The classical "turn every column into an index" columnar-oriented model has some serious drawbacks for many workloads. If you are using SSDs, you have the ability to do random access, sub-page reads, et al very efficiently. This allows you to use a different family of columnar-oriented database designs, particularly the various vector-structured storage models, which retain almost all of the benefits of traditional columnar-oriented databases without most of the drawbacks (given that you are using SSDs). So SSDs really just allow you to use a better columnar model with fewer constraints.
In-memory is not a database architecture per se, but the benefits of locality (e.g. reducing cache line misses) still apply. Most database engines operate almost entirely in-memory for many workloads in any case.
Also, I was sad to see that SpaceCurve appears to be gone! I was about to recommend it to a friend as a potential solution to her spatial database needs. Can we hope that you are trying to continue the concept under different structure?
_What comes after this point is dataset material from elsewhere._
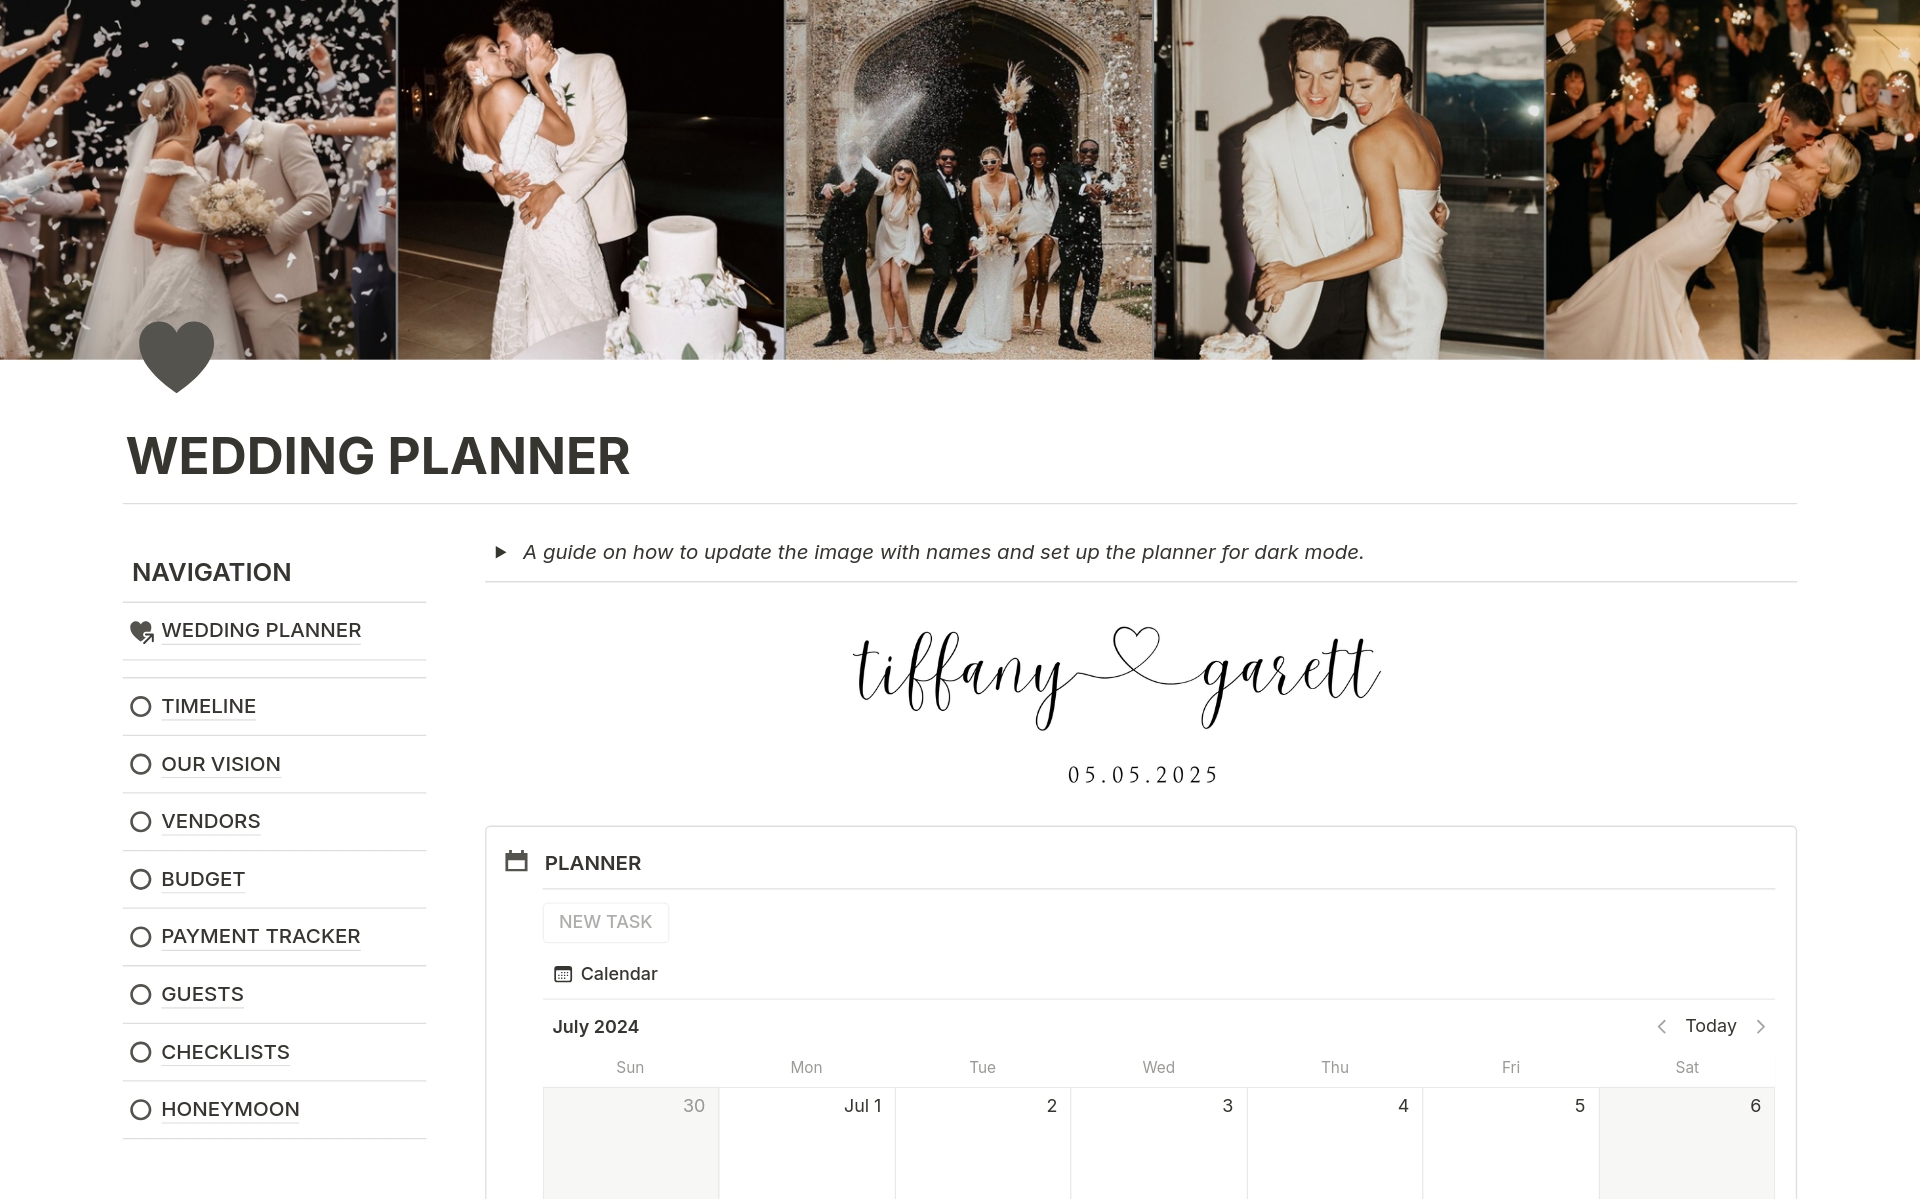 A template preview for The Ultimate Wedding Planner

Andrew can speak for himself but I'll say I've not found anything substantial that is similar to the marketing claims of SpaceCurve in open published work. Some of the comments about memory sharding cut against the grain of what I see as the trend in high performance published work, which generally obeys single writer via CoW and or log structure but leverages shared reading of memory heavily.
It may perhaps be unfair but given several years and tens of millions of funding I'd expect they'd be able to present something more convincing or at least some benchmarks. I suspect the approach is something smart people have found promising when doing diligence on it, but that is proving difficult to turn into a product due to drawbacks not covered in the marketing materials, blog posts, and comments here.